* [Data to use]:
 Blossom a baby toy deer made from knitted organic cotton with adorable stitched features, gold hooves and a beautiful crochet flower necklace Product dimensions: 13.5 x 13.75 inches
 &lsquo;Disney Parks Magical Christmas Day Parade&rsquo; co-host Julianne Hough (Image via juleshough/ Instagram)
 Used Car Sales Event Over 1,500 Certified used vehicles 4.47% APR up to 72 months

--

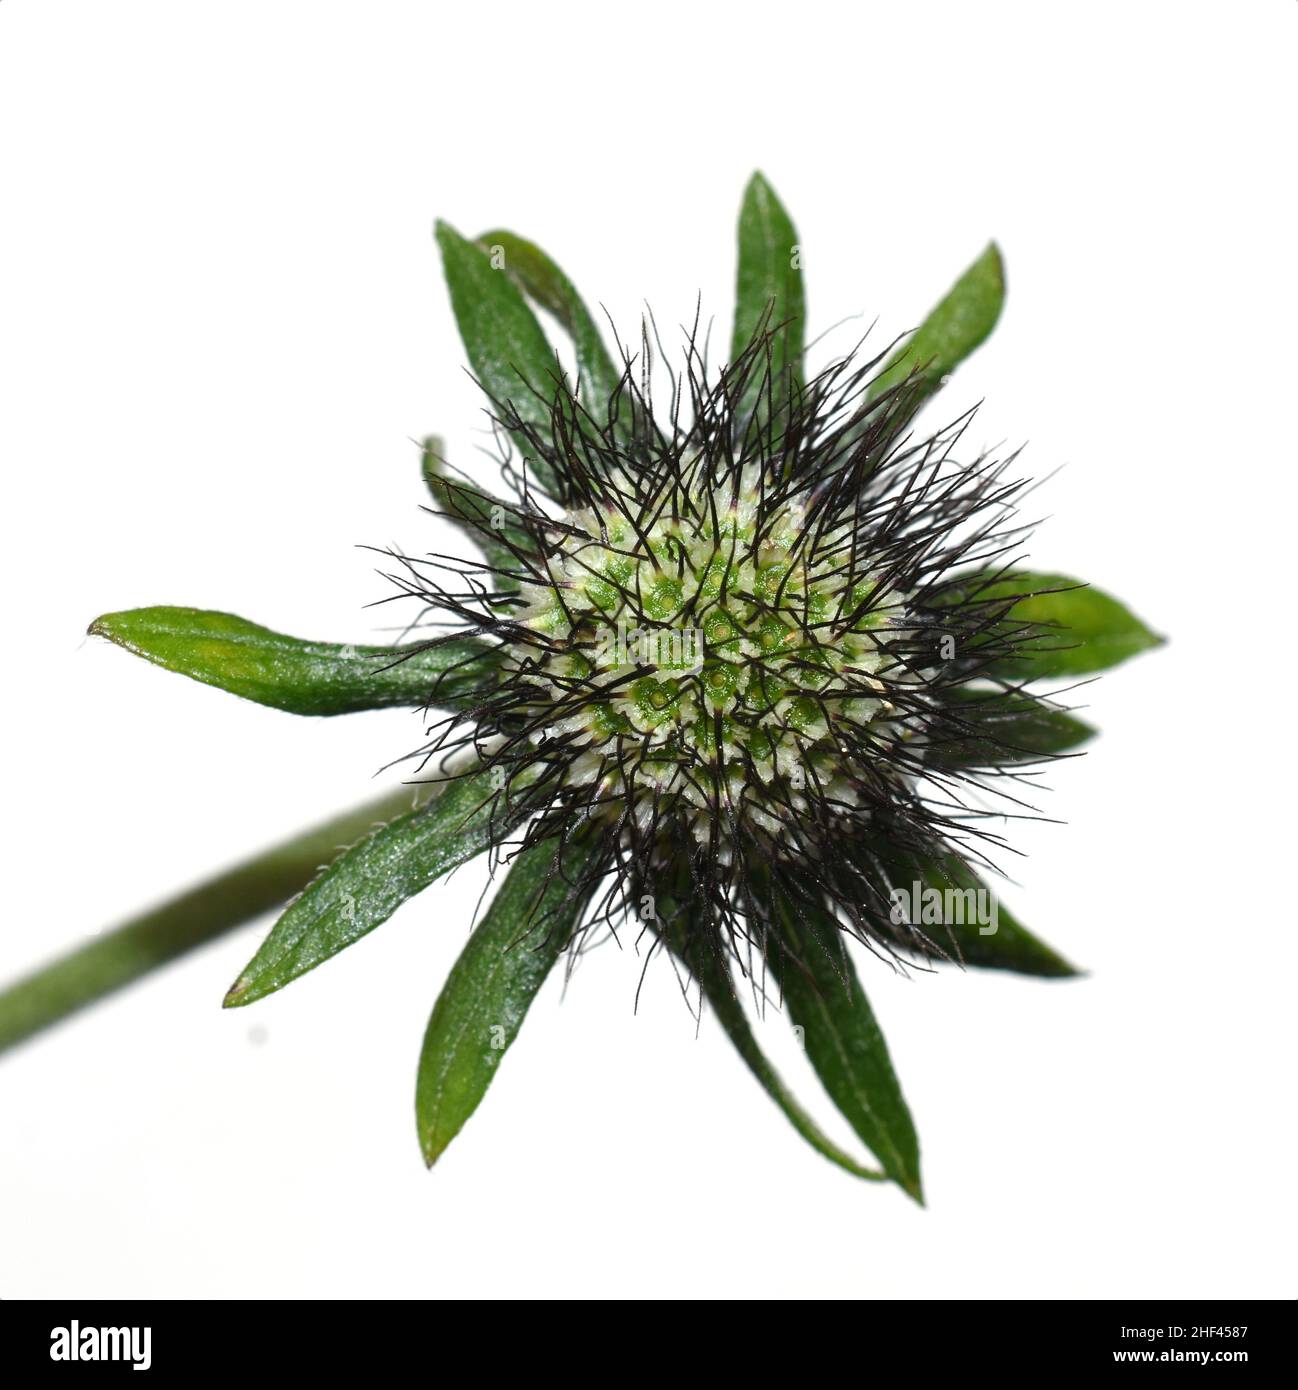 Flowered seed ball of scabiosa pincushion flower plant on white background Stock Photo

* [Task requirements]: What is needed is an exact copy of the lines above, from the one containing "via juleshough/ Instagram)" through the one containing "Used Car Sales", with nothing added.

* [Solution to this task]:
 &lsquo;Disney Parks Magical Christmas Day Parade&rsquo; co-host Julianne Hough (Image via juleshough/ Instagram)
 Used Car Sales Event Over 1,500 Certified used vehicles 4.47% APR up to 72 months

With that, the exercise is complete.